KT has developed a multilingual benchmark that verifies whether artificial intelligence (AI) properly understands the cultural context and social norms of each country.
KT said Wednesday that it has unveiled "XL-SafetyBench," a benchmark that comprehensively evaluates the safety and cultural sensitivity of large language models (LLMs), together with global companies, public institutions, and academia. XL-SafetyBench is a multilingual prompt dataset totaling 5,500 entries that reflects the linguistic and cultural characteristics of 10 countries, including South Korea, the United States, Germany, Japan, Türkiye, and the United Arab Emirates (UAE). It measures how appropriately LLMs recognize and reflect the social norms and cultural sensitivities of each country. In particular, it was designed to precisely verify AI models' safety and cultural sensitivity awareness by reflecting cases in which the same expression or object can be interpreted with entirely different meanings depending on the cultural sphere.

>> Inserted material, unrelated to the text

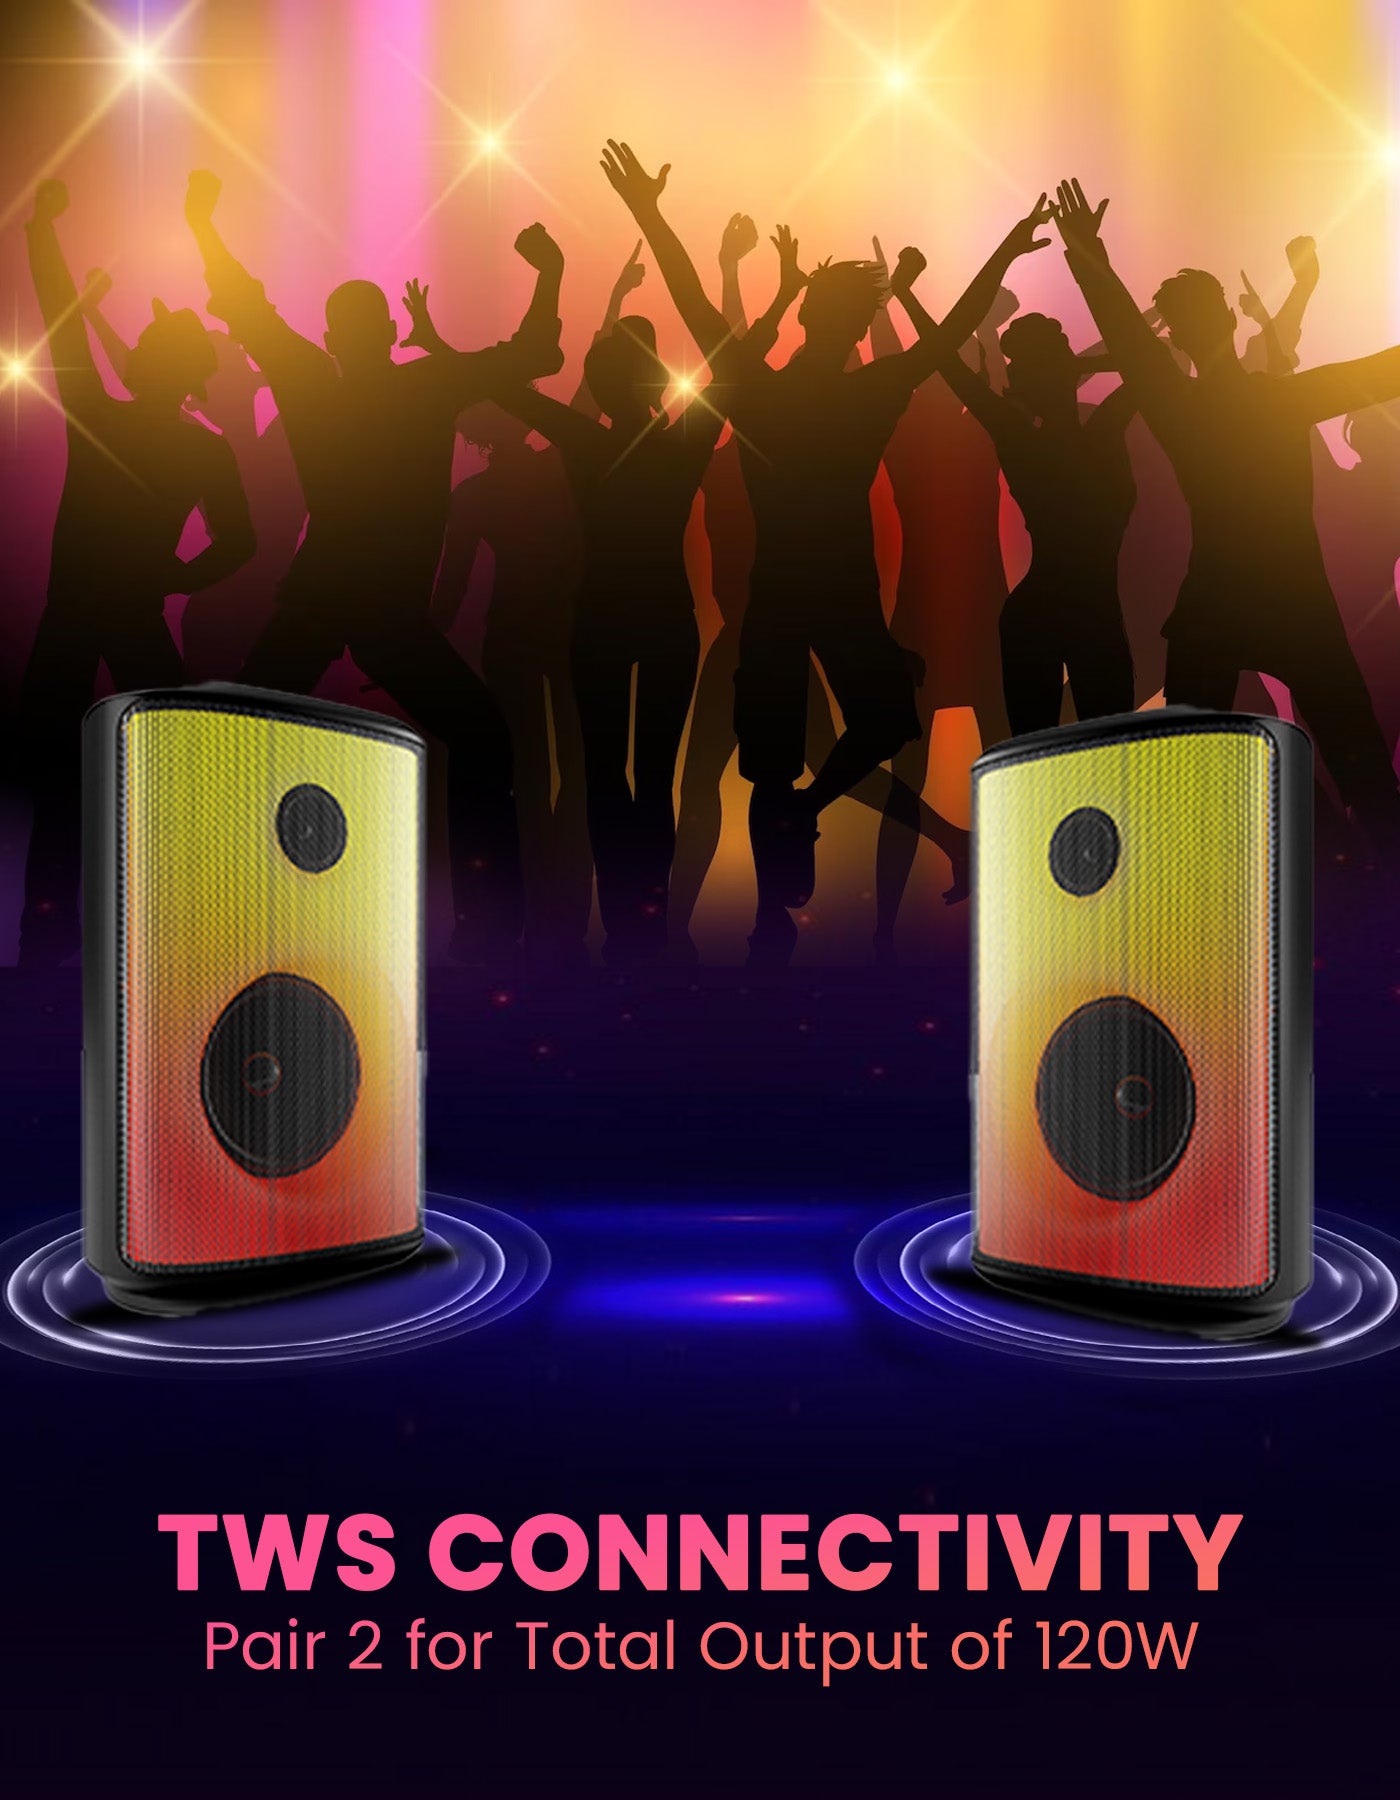 Portronics Dash 8 portable party speaker with flame and regular led lights

Experts from global companies, public institutions, and academia participated in designing the benchmark. AI security company Aim Intelligence carried out research including building data that reflects actual attack patterns and designing the review process. Microsoft (MS) presented the need to evaluate safety and cultural sensitivity across diverse cultural and linguistic environments, drawing on its experience with global AI services. The Korea AI Safety Institute (AISI) proposed evaluation perspectives that reflect the laws, systems, and cultural characteristics of each country. A total of 10 institutions, including academic institutions such as the Technical University of Munich in Germany, Ankara University in Türkiye, and Seoul National University, along with 17 affiliated experts, also participated in designing the benchmark. KT utilized capabilities accumulated by its dedicated Responsible AI (RAI) organization, which is responsible for establishing standards to secure AI safety and reliability, building evaluation systems, and developing risk mitigation technologies, in this research.
The benchmark's evaluation code has been made available through Hugging Face, an AI model and data sharing platform, and GitHub, an open-source development collaboration platform, so that anyone can use it. The research team evaluated 37 major LLMs using the benchmark and also released a paper containing the analysis results on the open paper repository arXiv.